12 january 2012, 19:30
0
Voting. Photo by Yaroslav Radlovskiy©
Voting. Photo by Yaroslav Radlovskiy©
Kazakhstan on Sunday votes in parliamentary polls touted by the authorities as a chance to freshen up politics but shadowed by an outbreak of unrest in the west of the country less than a month ago, AFP reports.

President Nursultan Nazarbayev called the elections several months ahead of the scheduled date to introduce new figures into parliament, whose seats are currently all occupied by loyalists of the ruling Nur Otan party.

A colourful array of candidates are heading the Nur Otan party list, ranging from the president's eldest daughter Dariga to the cyclist Alexander Vinokurov, arguably the most famous sportsman in the country.

Nazarbayev has expressed hope that the elections will give the energy-rich nation of over 16 million a more modern looking parliament after previous sessions provided little more than sycophantic endorsements for his policies.

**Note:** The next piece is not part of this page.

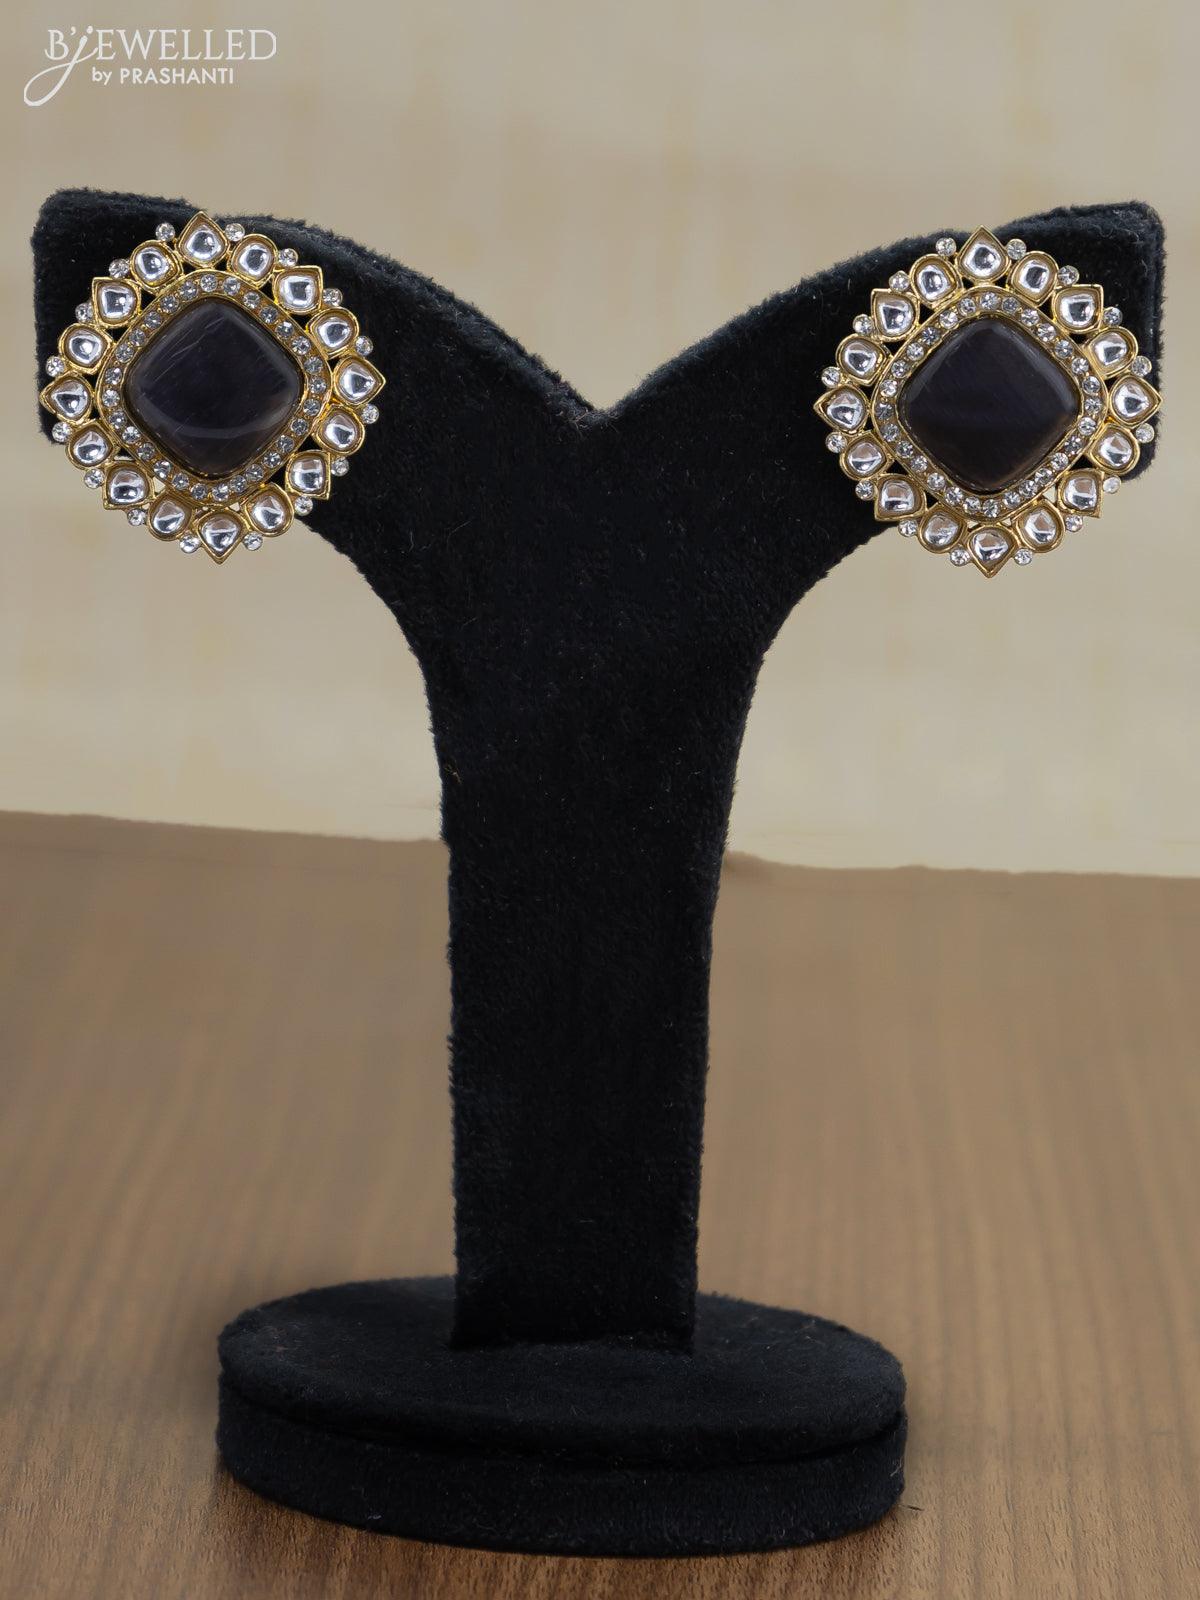 light weight earrings with cz and grey stone prashanti sarees 1

"Amid the current instability and turbulence in the world we need to preserve unity and elections will help this," said Nazarbayev who has ruled Kazakhstan since even before the fall of the Soviet Union.

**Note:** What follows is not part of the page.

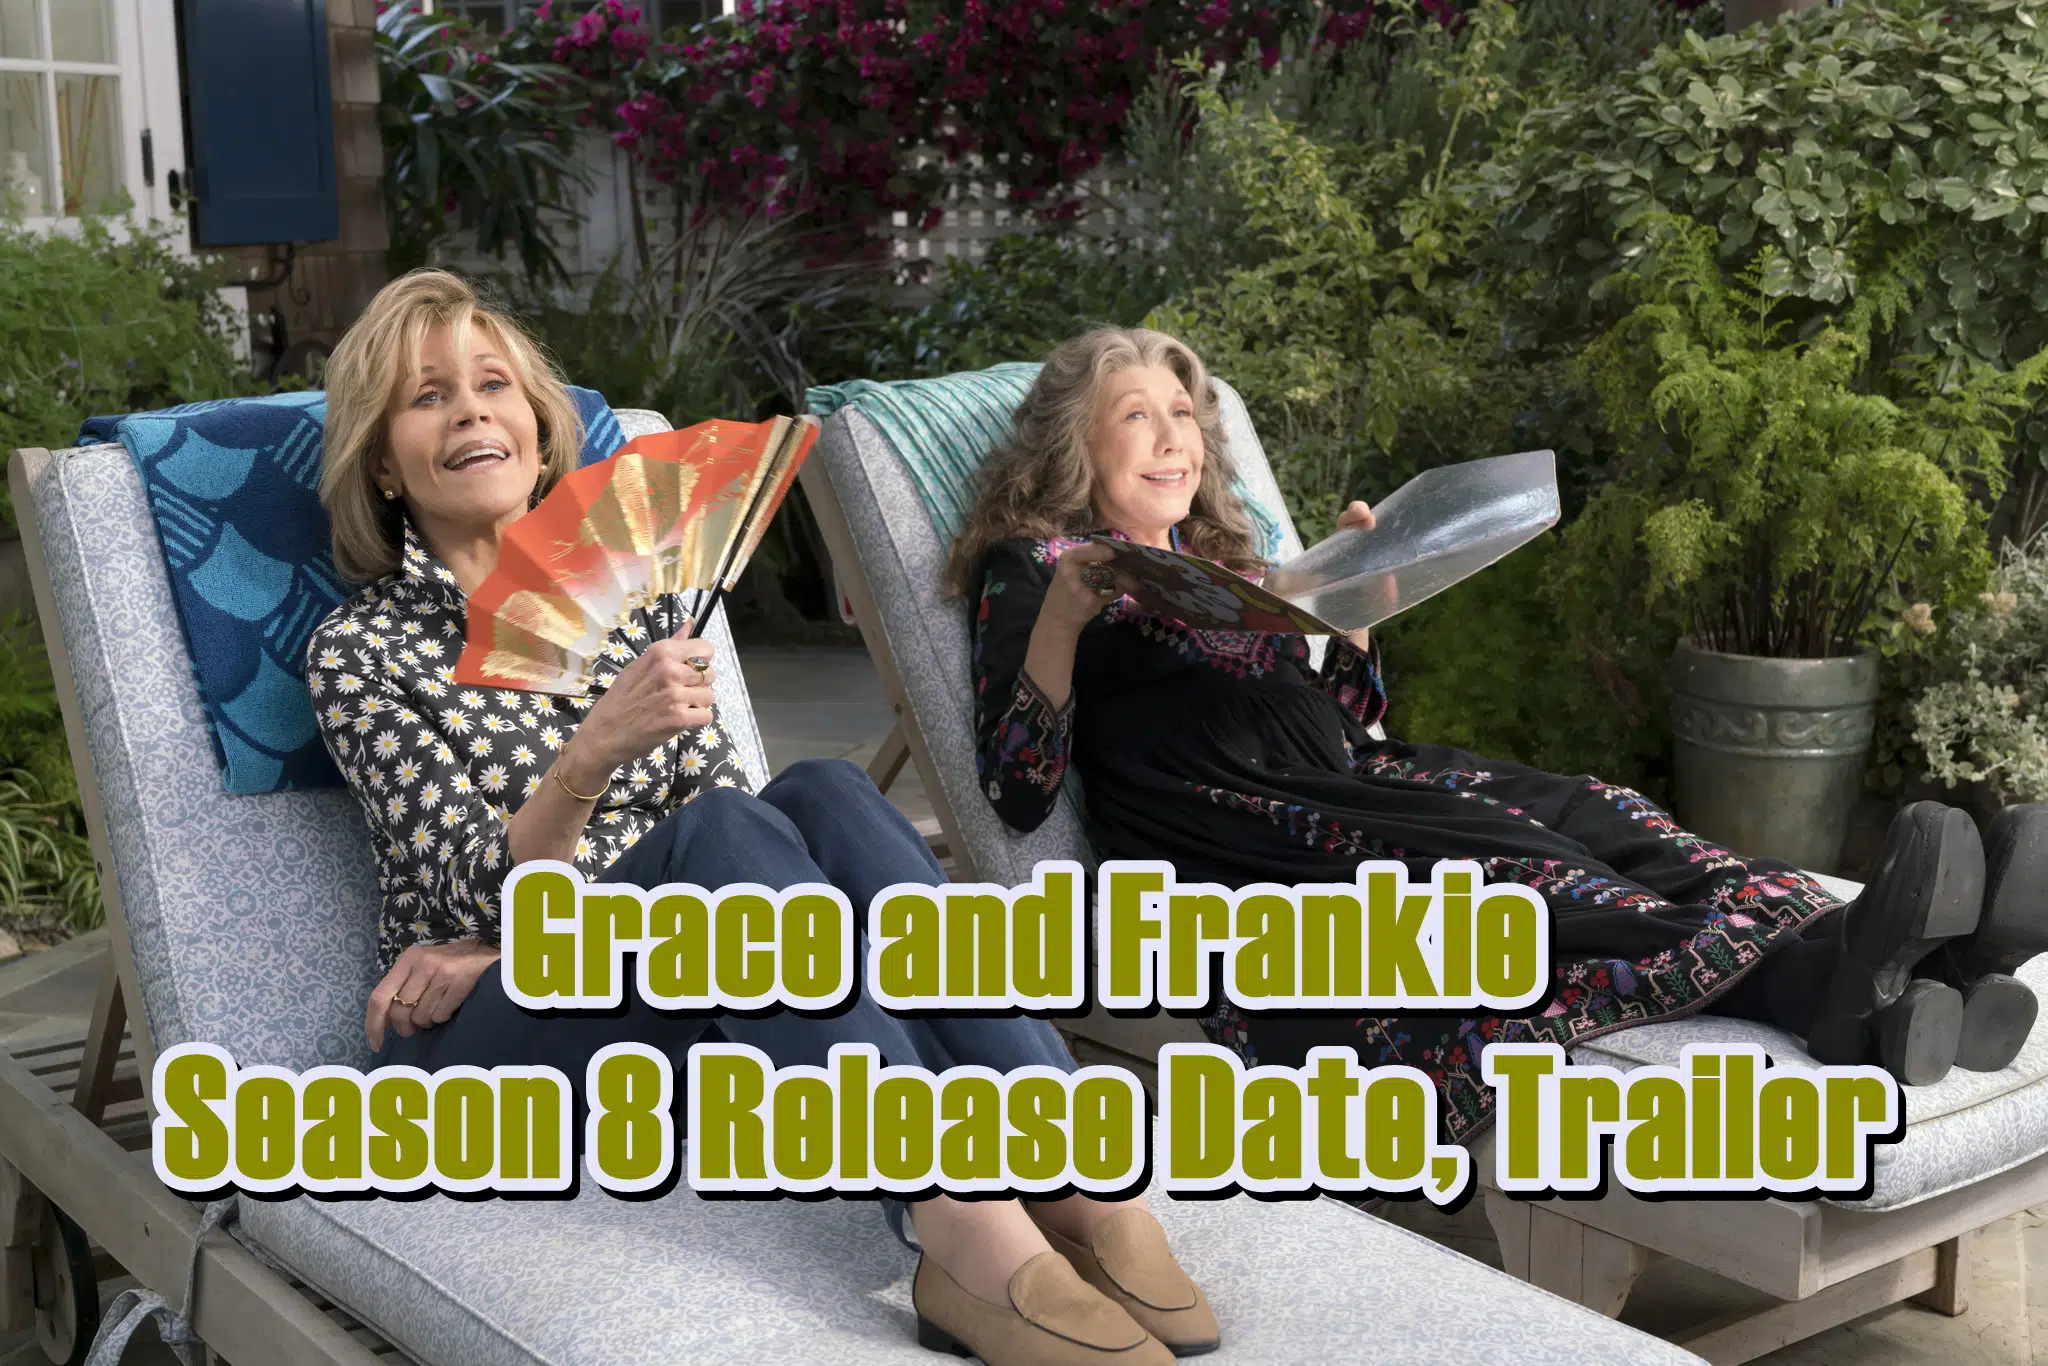 Grace and Frankie Season 8 Release Date, Trailer

"Elections should consolidate society," he said.

It is certain that Nur Otan (Light of the Fatherland) will face some opposition in the new parliament as under a new rule the party that comes second will obtain seats even if it wins less than the seven-percent threshold.

"It is going to be announced to the entire world that parliament has become more democratic," said Dosym Satpayev, director of the Almaty-based Risk Assessment Group.

"The president needs to show that Kazakhstan is making serious steps in its political system."

According to the head of the Institute for Social-Political Research, Aigul Sadvakasova, Nur Otan should win over 80 percent of the vote -- only just off the 88 percent it received in the last polls in 2007.

Its nearest challenger on around seven percent should be the Ak Zhol (Bright Path) party which garners its support mainly from businesspeople and the middle class.

The All-National Social Democratic Party (OSDP) brings together representatives of the more critical opposition but it is held back by a lack of unity between its main representatives.

After the clashes in Zhanaozen on December 16 the state of emergency was introduced in the town. The country's Constitutional Council initially ordered that voting could not take place in Zhanaozen due to the state of emergency but the decision was rapidly overturned following intervention from Nazarbayev.

Meanwhile the central election commission said Bolat Abilov, one of the leaders of the OSDP, had been disqualified from taking part in the election for allegedly failing to disclose his income.

Voters will choose 98 deputies in the 107-seat Mazhilis, with the other nine MPs representing Kazakhstan's various ethnic groups chosen by its assembly of the peoples.